As per default, only the LAN interface has an "allow any to any" rule. For any addtional interface (including VLANs), you have to manually create a rule.

[EricPerl]

I realize there could be a language barrier (English not being the primary language of any of the people on this thread) but this is quite confusing.

MachineX1 connected to a port configured as an access port for VLAN X (VLAN X untagged on egress, PVID=VLAN X for ingress) should absolutely receive an IP for the DHCP pool associated with the interface assigned to VLAN X.

they just only pull ip adresses from vlan dhcp

is expected.

[Siarap]

Yes. My english is limited. Its not my native language. I know its expected. Read on reddit that one person had identical problem as mine. Problem was solved by setting untagged vlan.
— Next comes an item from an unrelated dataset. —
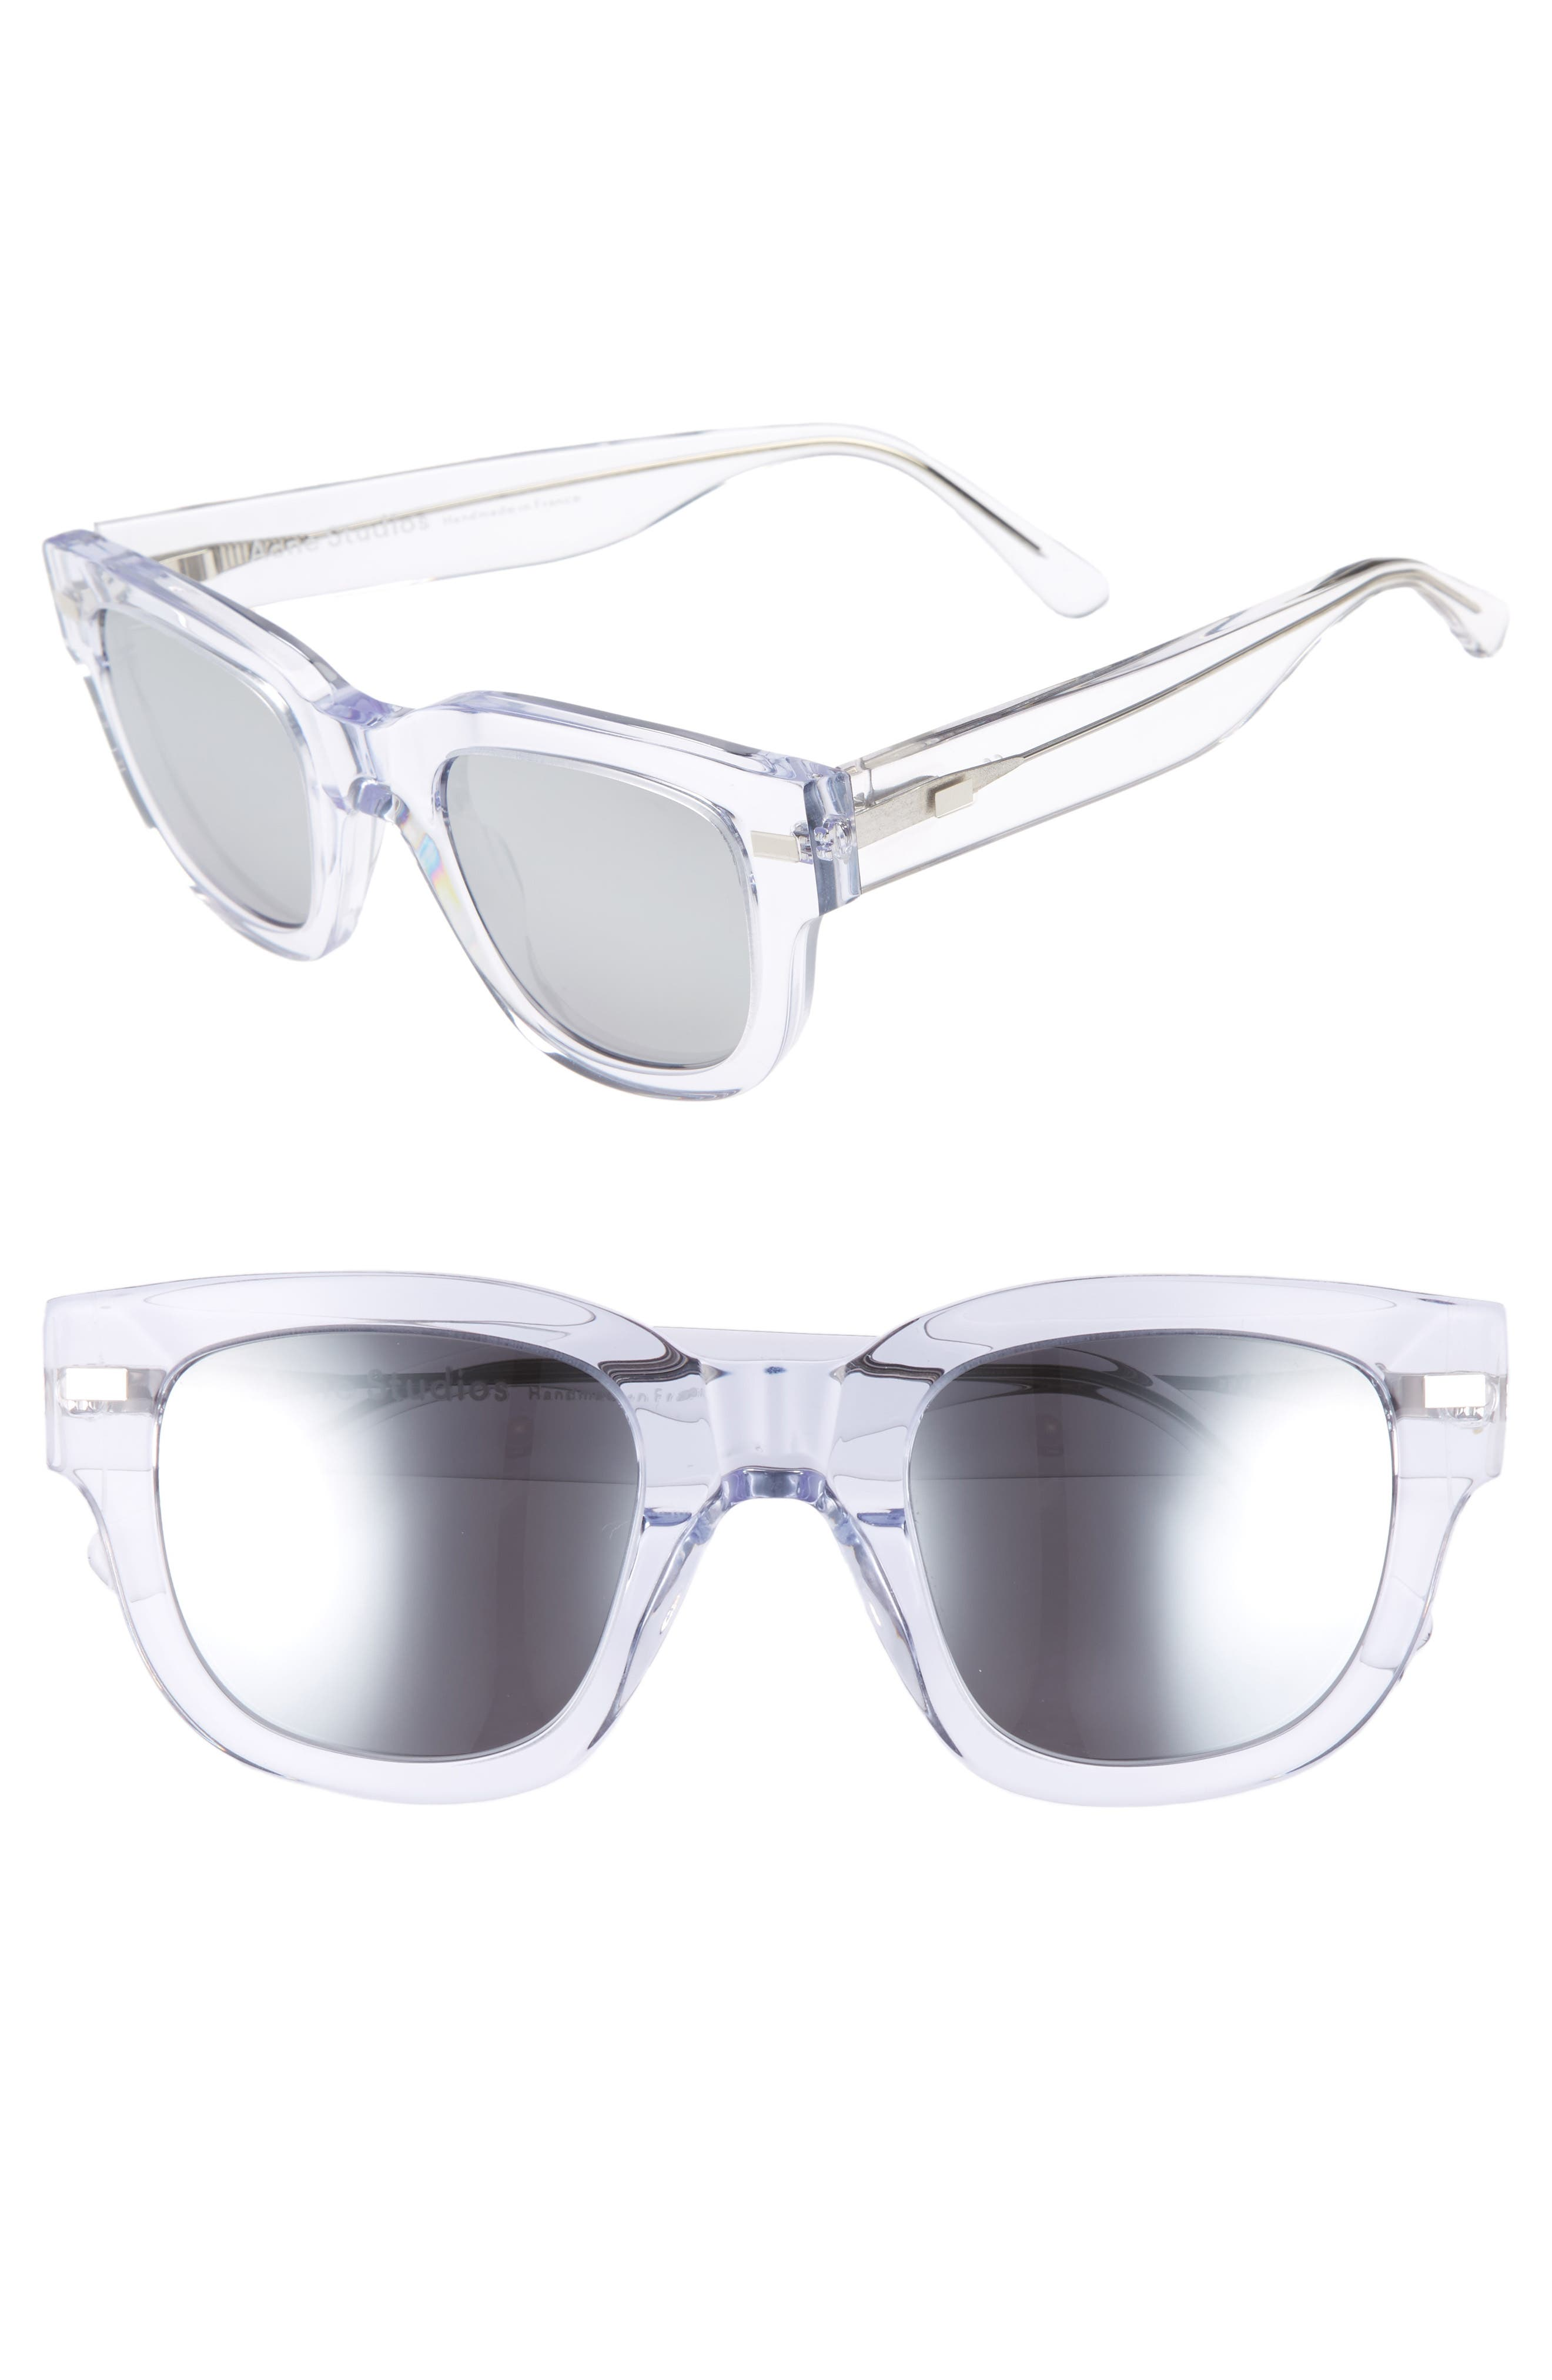 47mm Sunglasses,                         Main,                         color,
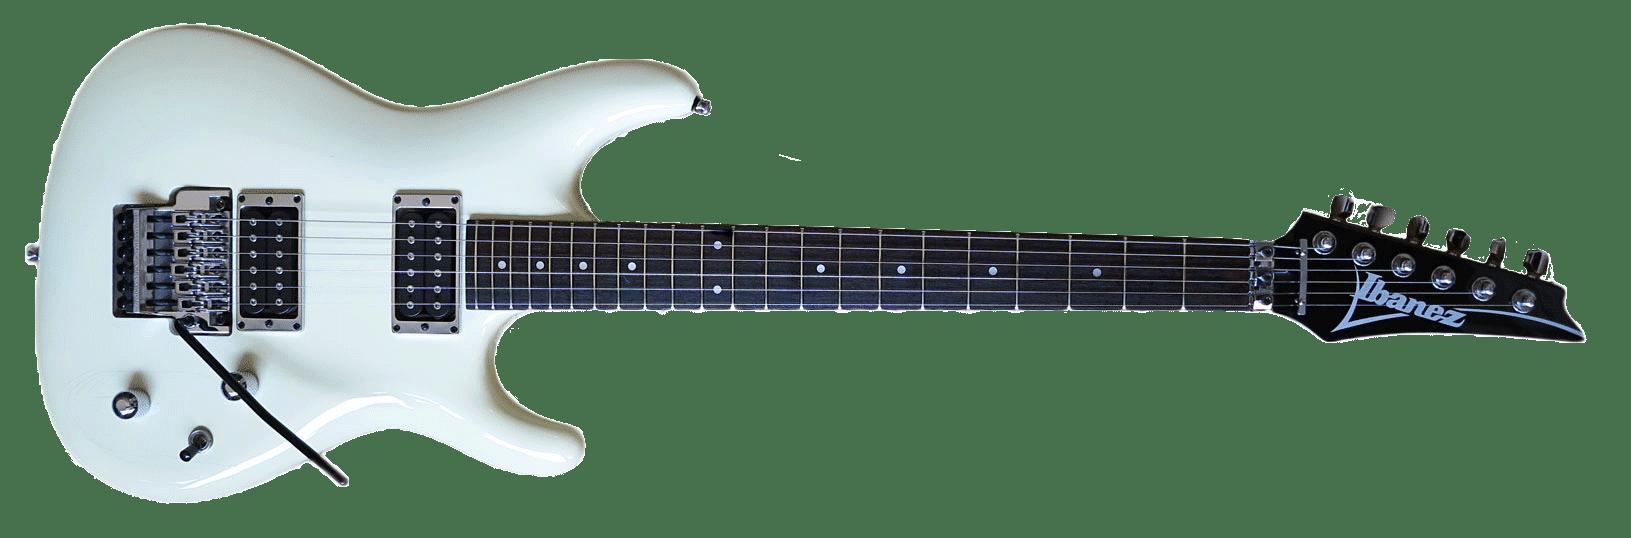 Ibanez JS1 signature Joe Satriani

How to set untagged vlan on opnsense?

[meyergru]

Maybe it would help if you clarify what your "problem" exactly is. You said that the Linux machine connected to port 8 gets the expected DHCP IPs.

By looking at the client you can try: Is that true? Is the network mask correct and the gateway is within that subnet (and identical to the VLAN interface IP of the OpnSense)? Is the DNS server IP the same? Can you resolve DNS names? Can you ping OpnSense's VLAN IP? Can you ping 8.8.8.8?

What are your OpnSense interface settings?

Please show the IPs and ranges - since they are RFC1918, none of this information is confidential. Do not assume everything is correct as it obviously isn't.